Was raten Sie Hochschulabsolventen von heute in punkto Karriereplanung?
Grundsätzlich sollte jeder junge Mensch sich fragen: Wer bin ich? Was will ich? Er muss klar seine persönlichen Werte definieren und kennen. Und daraufhin seine Ziele stecken. Den Weg zu seinen Zielen sollte man in Etappen definieren anstatt für das ganze Leben. So kann man immer flexibel reagieren und den Weg immer neu ausrichten. Hochschulabsolventen sollten auf jeden Fall die Chancen, die Europa als Arbeitsraum bietet, nutzen und gestalten, gerade wenn sie in solch einer dynamischen Branche wie Finance arbeiten.

Welche Eigenschaften sollten Hochschulabsolventen heutzutage unbedingt mitbringen, um Karriere zu machen?
Auf jeden Fall eine gute Ausbildung und eine gute „Denkfähigkeit“, denn zurzeit wird durchaus nach „quer denkenden“ Menschen gesucht. Darüber hinaus sollte man sich in Netzwerken betätigt haben, beispielsweise an der Hochschule. Man sollte einschlägige Praktika gemacht haben, inklusive Auslandsaufenthalte. Und natürlich Sprachen können, soziale Kompetenz besitzen etc. – das sind Eigenschaften, die man von einem karriereorientierten Hochschulabsolventen per se erwartet. Und man sollte ein bisschen Ahnung von der Finance-Branche mitbringen. Dazu gehört, dass man weiß, in welchen komplexen Zusammenhängen sich die Branche in Deutschland und Europa zurzeit befindet.

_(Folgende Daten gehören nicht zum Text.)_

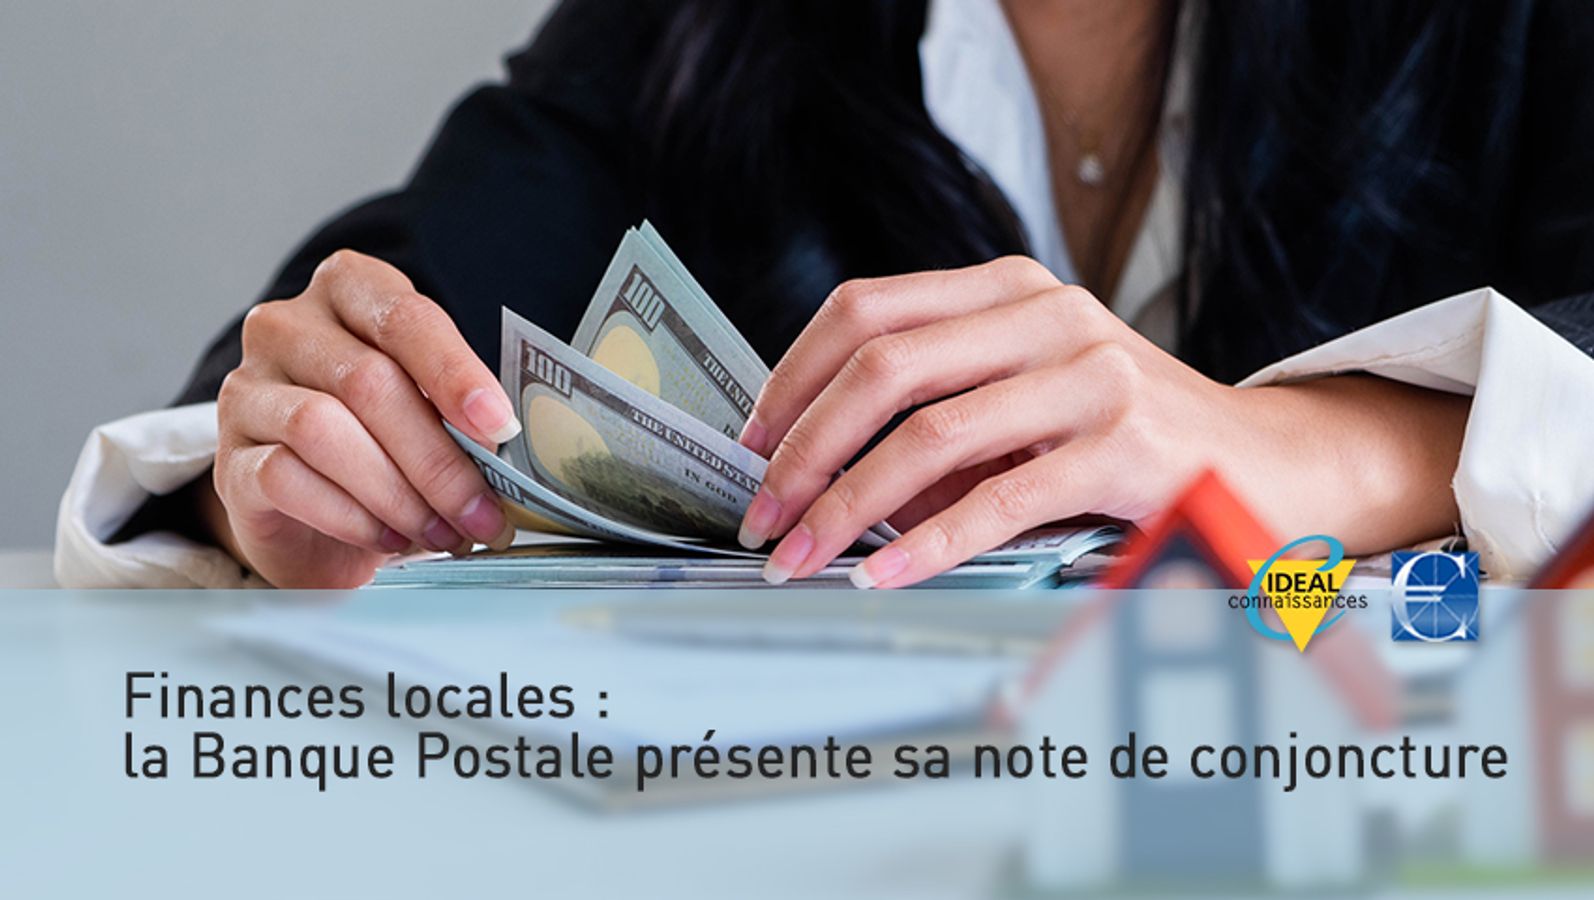 Finances locales : la Banque Postale présente sa note de conjoncture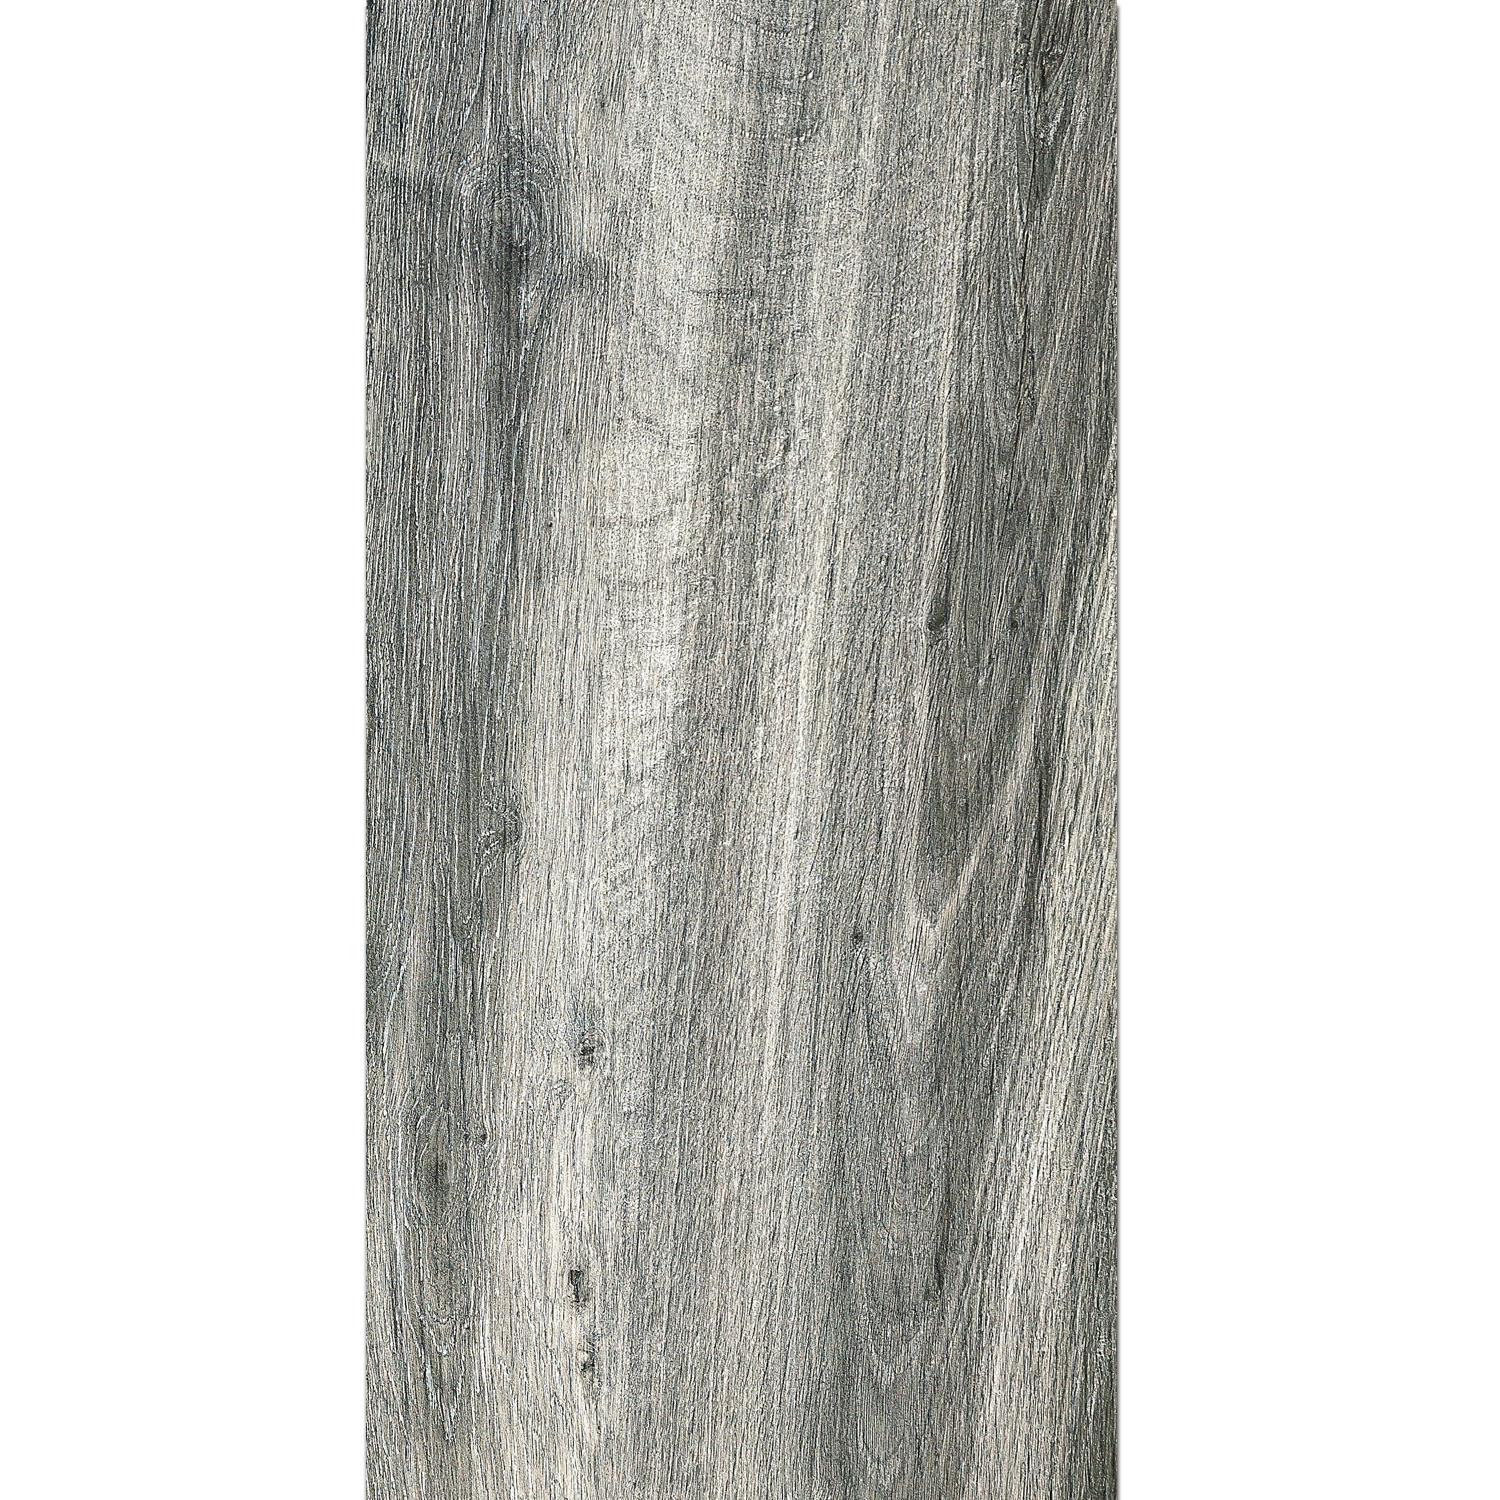 Ploče Za Terasu Starwood Imitacija Drva Grey 45x90cm

Die Frankfurt School hat ein Auslandssemester in ihre Ausbildungsgänge integriert und Sie waren selbst länger im Ausland – was bringen Auslandsaufenthalte für die Karriere?
Sie erweitern den Horizont. Man lernt für sich, dass man auch in anderen Regionen, Ländern, Kulturen und Sprachfamilien leben und überleben kann und wird sich gleichzeitig seiner eigenen Nationalität bewusst. Nicht zuletzt erkennt man, dass es alles so furchtbar aufregend nicht ist, da man auch dort um sieben Uhr aufstehen und um acht Uhr ins Büro muss. Ein Auslandsaufenthalt ermöglicht einen anderen Blick auf die Welt und die Dinge, den man durch Kurzzeitaufenthalte so nicht erwerben kann. Von daher sind längere Auslandsaufenthalte ein biografisches Element, das sehr prägend ist und auch persönlich eine gewisse Internationalität gibt, die man auch nachher behält. Denn man ist in der Lage, sich in internationalen Communities zurechtzufinden. Das ist wichtig, wenn man Karriere machen will.

Was raten Sie Studenten, was sie bereits während des Studiums im Hinblick auf ihren Berufseinstieg beherzigen sollten?
Sie sollten sich mit den verschiedenen Kulturen verschiedener Branchen auseinandersetzen. Dazu sollten sie systematisch versuchen, Kontakt zu zwei oder drei Branchen aufzubauen, zum Beispiel zur Finance, Auto- und Beratungsindustrie. Um eine Idee zu bekommen von den unterschiedlichen Branchen-Kulturen und um herauszufinden, welche dieser Kulturen am besten zur eigenen Persönlichkeit passt und wo man sich am wohlsten fühlt. Wenn man keine dunkelblauen Anzüge mag, fühlt man sich einer Bank wahrscheinlich nicht sehr wohl, aber das ist dort die Kultur. Grundsätzlich muss man zwar Zugeständnisse an das Business machen, aber wenn es geht, so wenige wie möglich.

Wie war es, in einer Branche zu arbeiten, in der es vorrangig um Geld und dessen Vermehrung geht, und gleichzeitig in der Entwicklungszusammenarbeit tätig zu sein?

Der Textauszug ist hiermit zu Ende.